3.4. Acid–base reaction of perovskite halides

In 2016 Nayak et al.129 proposed one of the first approaches for understanding the mechanism of perovskite halide crystallization from solution, as can be seen in Fig. 6a. In their observations, increasing the solution acidity can surpass the supersaturation state of the solutes and in turn decrease the strength of the solvent. This results in the onset of crystallization, which in turn can be decoupled from the changes of temperature. Therefore, the crystallization can be initiated by the change of the solvent and the acid–base equilibria in the solution. In order to achieve high quality perovskite films, Fei Zhang et al.130 used a Lewis acid–base adduct approach as an effective way to control grain size, morphology and to suppress crystal defects.
image file: d0cs01272f-f6.tif
Fig. 6 (a) Schematic of the mechanism for crystallization of perovskite solid phase, where it represents the state of the system at several key points (reproduced with permission from ref. 124, ©2016 Springer Nature). (b) Representation of the Lewis acid (A)–base (B) reaction to form an adduct (A·B) with a dative bond and Lewis bases with different molecule donors (reproduced with permission from ref. 126, ©2016 American Chemical Society). (c) Dielectric constant (red triangles) and Gutmann's donor number (DN, blue circles) of solvents used for perovskite processing (reproduced with permission from ref. 127, ©2017 American Chemical Society).

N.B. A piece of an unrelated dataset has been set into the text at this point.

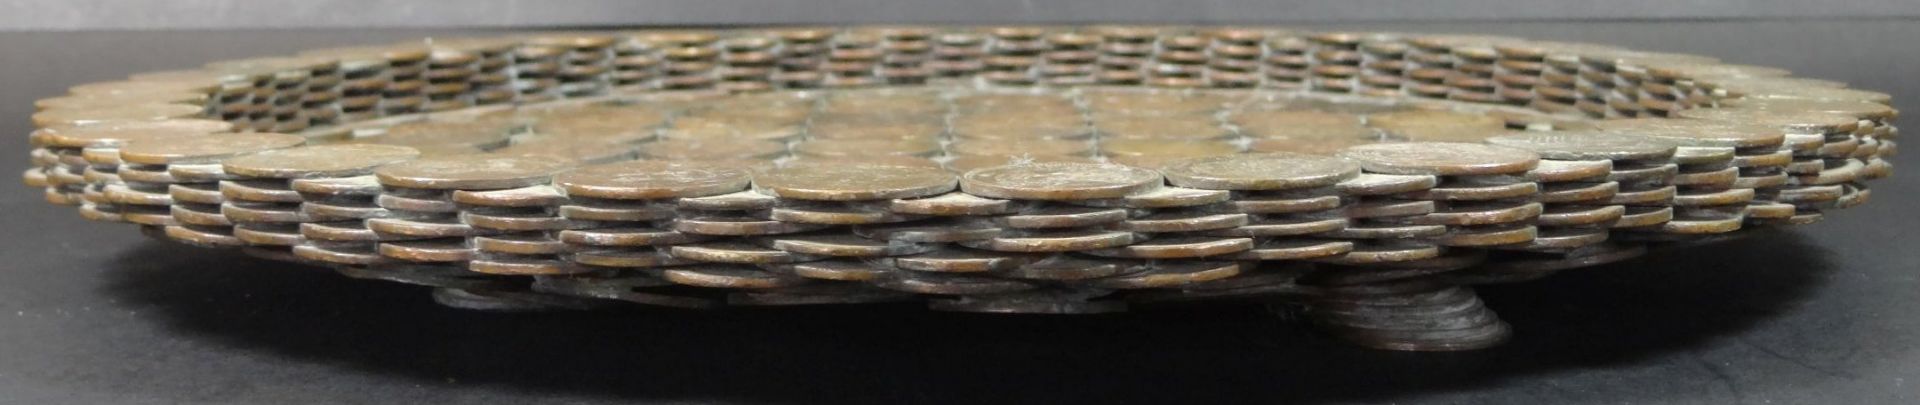 grosse Schale aus ca. 700 chinesischen Münzen um 1905, z.B. TAI-CHING TI-KUO Kupfer Münze 10 CASH - Bild 2 aus 10
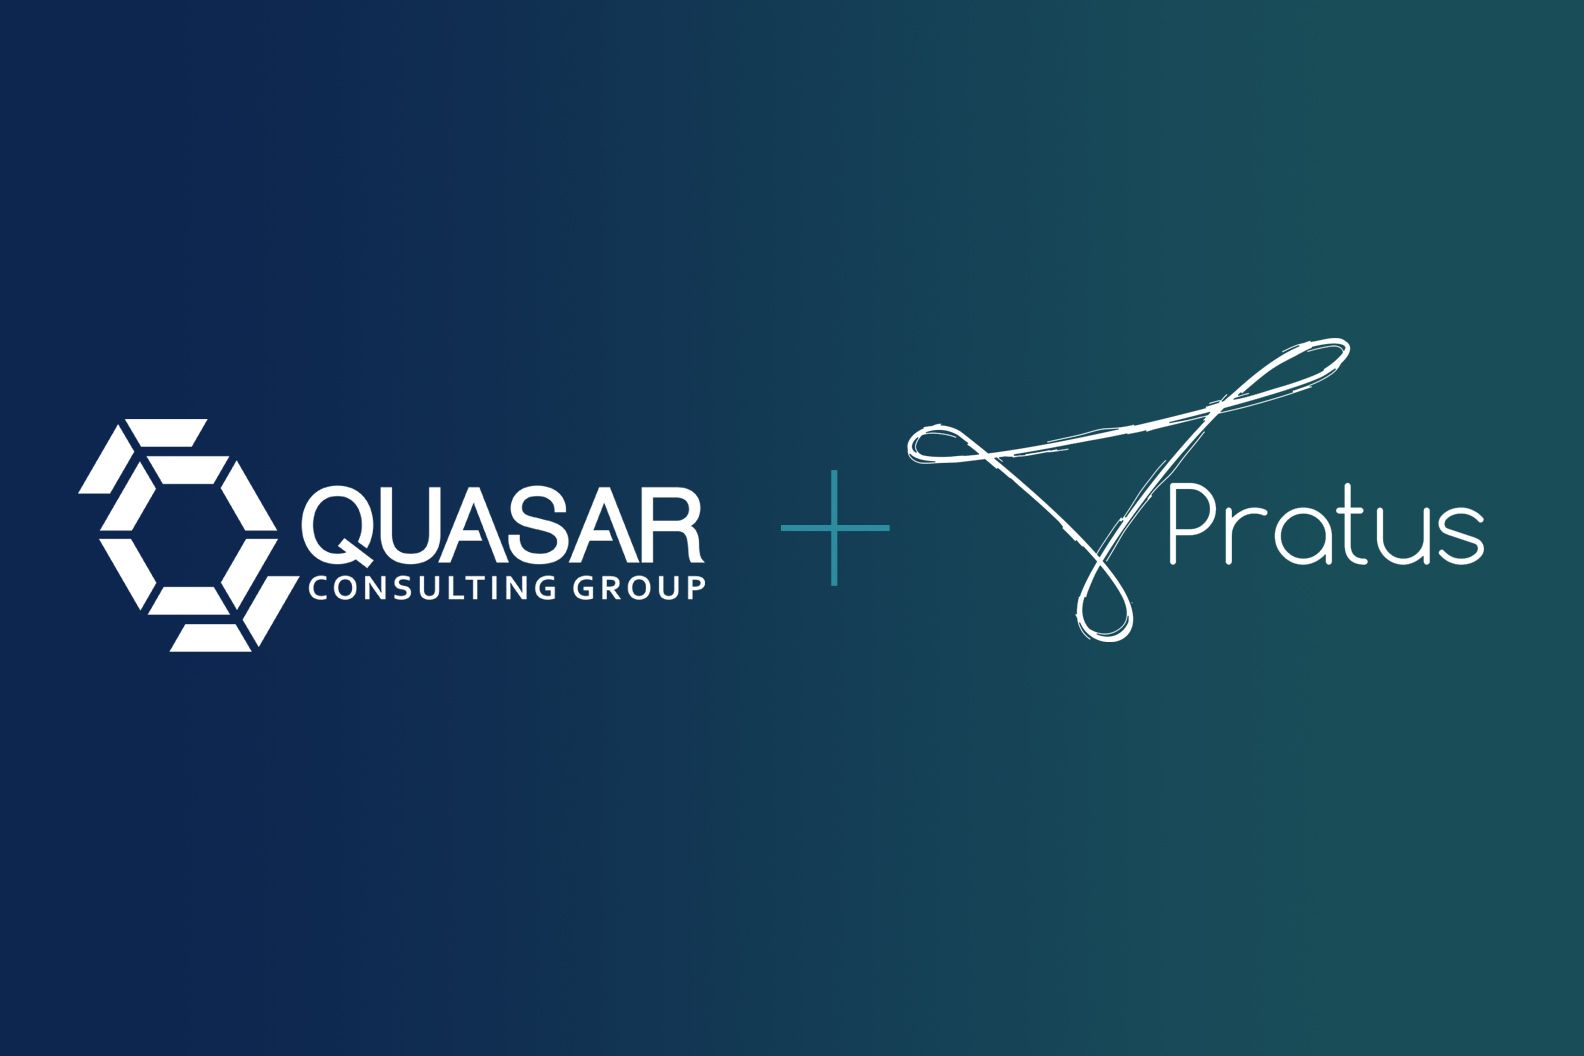 Quasar and Pratus

Other approaches to control the rapid film growth have been carried out by Jin-Wook Lee et al.131 as shown in Fig. 6b, which presents the Lewis acid reaction forming an adduct. In this work, different iodide compounds were dissolved in polar aprotic solvents acting as Lewis basis. DMSO was proven as an intermediate solvent for controlling MAPbI3 morphology and grain size. FAPbI3 perovskite composition found that thiourea was a better solvent-complement than DMSO because of the chemical interaction differences. Hamill et al.132 demonstrated that solvent coordination with Pb2+ is correlated with Lewis basicity, which in turn influences solid-state perovskite formation, as shown in Fig. 6c. They focused on elucidating the role of Lewis basicity of the processing solvent, quantified by Gutmann's donor number, DN, as a strong predictor of a solvent's ability to solvate perovskite precursors.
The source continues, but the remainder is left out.